At the strike of midnight, the gravedigger prised open the lid of the coffin that contained the recently-buried body of a man whose sister stood before him.
Desperate for once last glance at her brother, whose funeral she had been forced to miss, as earth was brushed away and the lid moved to one side, she was once again face-to-face with the man she had grown up with.
And she realised, in a second, that one must always be careful what one wishes for.
In her landmark 1974 book The Folklore of East Anglia, author Enid Porter recalls a story told to her by the cousin of the deceased in his tale.
She wrote: “A macabre tale was told in the last century [19th] of a man who died in Corpusty in Norfolk. His sister, unable to attend his funeral, bribed the gravedigger to open the grave at midnight so that she could see her brother once more.
“When the coffin lid was raised, the dead man’s body grew very large, floated up like a ghost, groaned hoarsely and collapsed.”
It is well-documented that a dead body can make noises that can sound like moans and groans, particularly if they received emergency medical care just before they died.
Mouth-to-mouth resuscitation had been used since 1732 as a technique to ‘bring back the dead’ and when trapped air escapes after death, it can sound like a groan – however, this would only be for a short time after a person has died.
Any stories of bodies sitting up straight, pointing menacingly or wailing are, though, products of an overactive imagination or…down to supernatural causes.
It’s a common belief that if anywhere is going to be haunted, it will be a graveyard, filled as they are with the dead and filled as we are with images from horror films and Halloween.
But those that believe in ghosts point out that spirits are far more likely to be tethered in death to a place that meant something to them, rather where they end their journey on earth.
Troy Taylor, author of Beyond the Grave, says: “Cemeteries gain a reputation for being haunted for reasons that include the desecration of the dead and grave robbery, unmarked or forgotten burials, natural disasters that disturb resting places, or sometimes even because the deceased was not buried properly.”

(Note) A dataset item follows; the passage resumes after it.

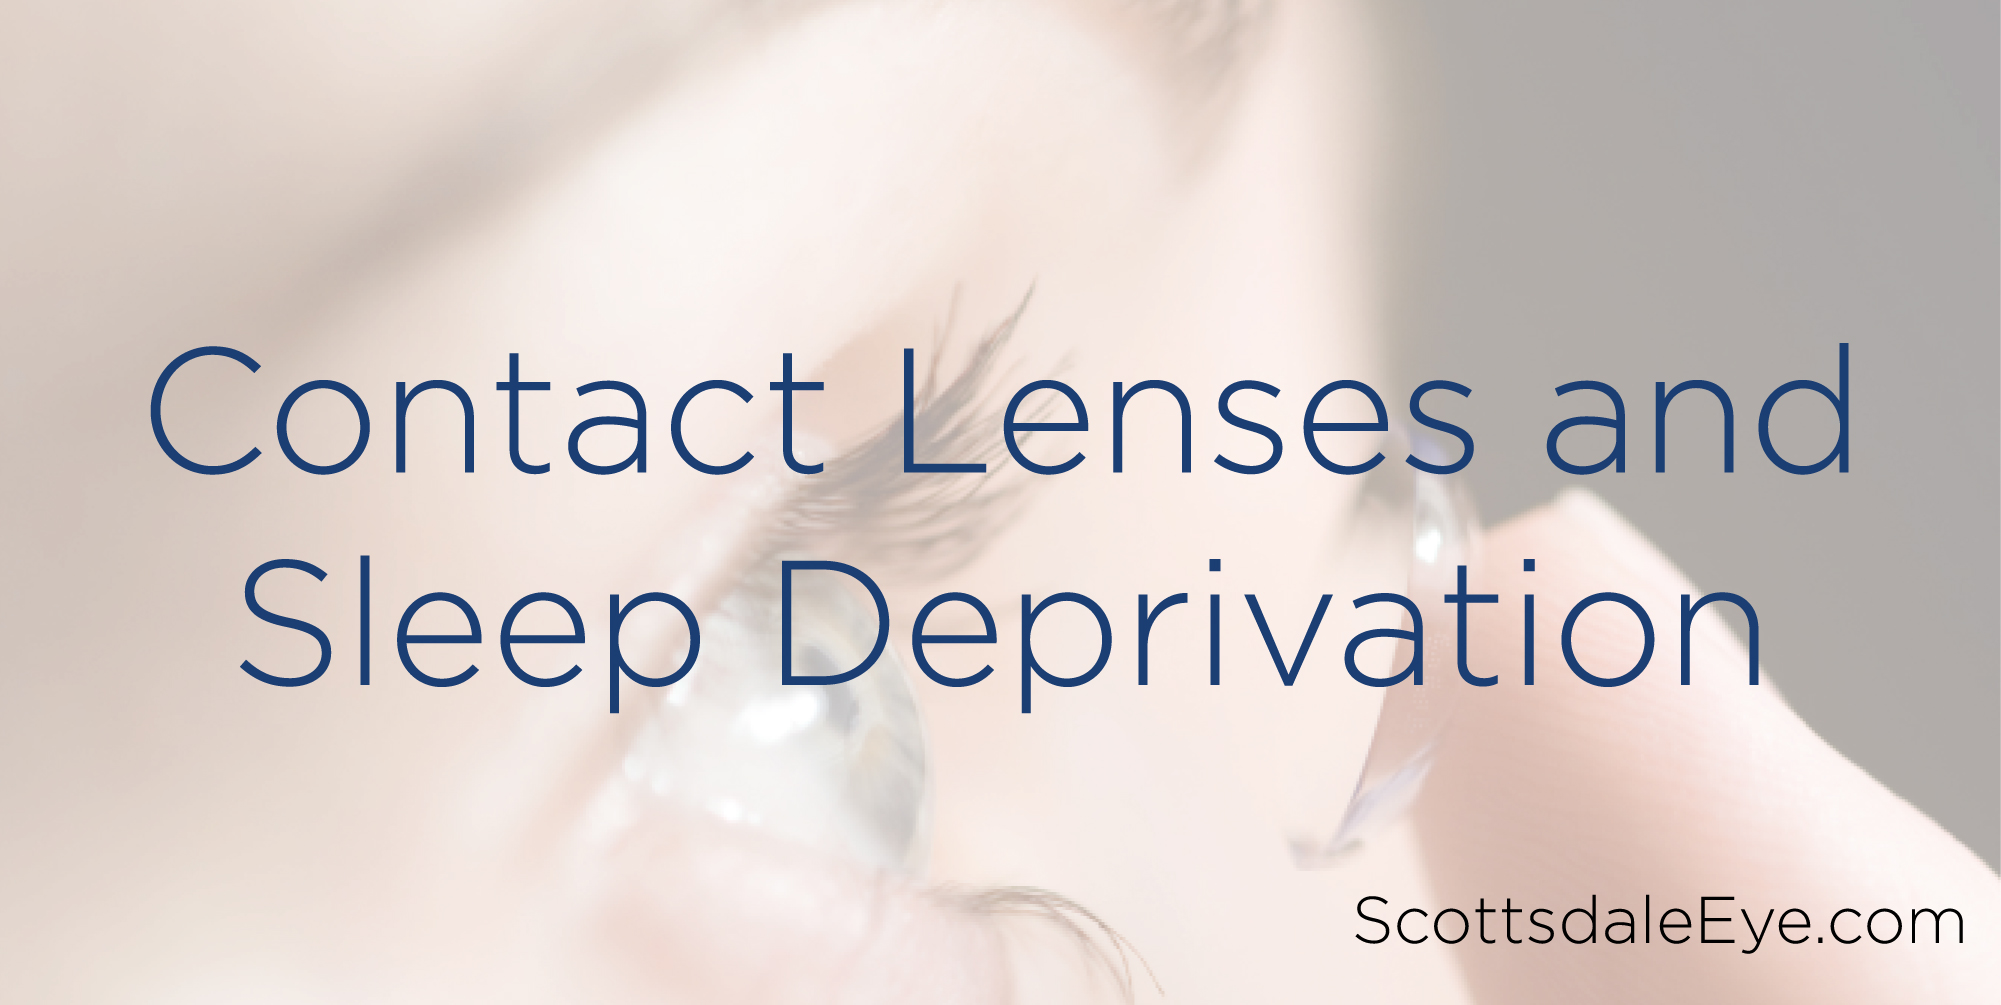 Contact Lenses and Sleep Deprivation

Others believe that ghosts in graveyards may well be spirits who were attached to the area where a graveyard is built before it came into existence.
While there is no precise location given for the ghostly grave occupant, the only known cemetery in the village is at St Peter’s Church, which has watched over the village since the 14th century.
St Peter’s was the church which sparked the creation of the Norfolk Churches Trust which preserves wonderful old buildings no longer used for active worship.
For centuries Corpusty Church, high on hill, was a beacon of faith and a bulwark against despair. Here local people sang, celebrated and worshipped. It was a place of prayer and a treasury of the finest art and craft the villagers could create or commission.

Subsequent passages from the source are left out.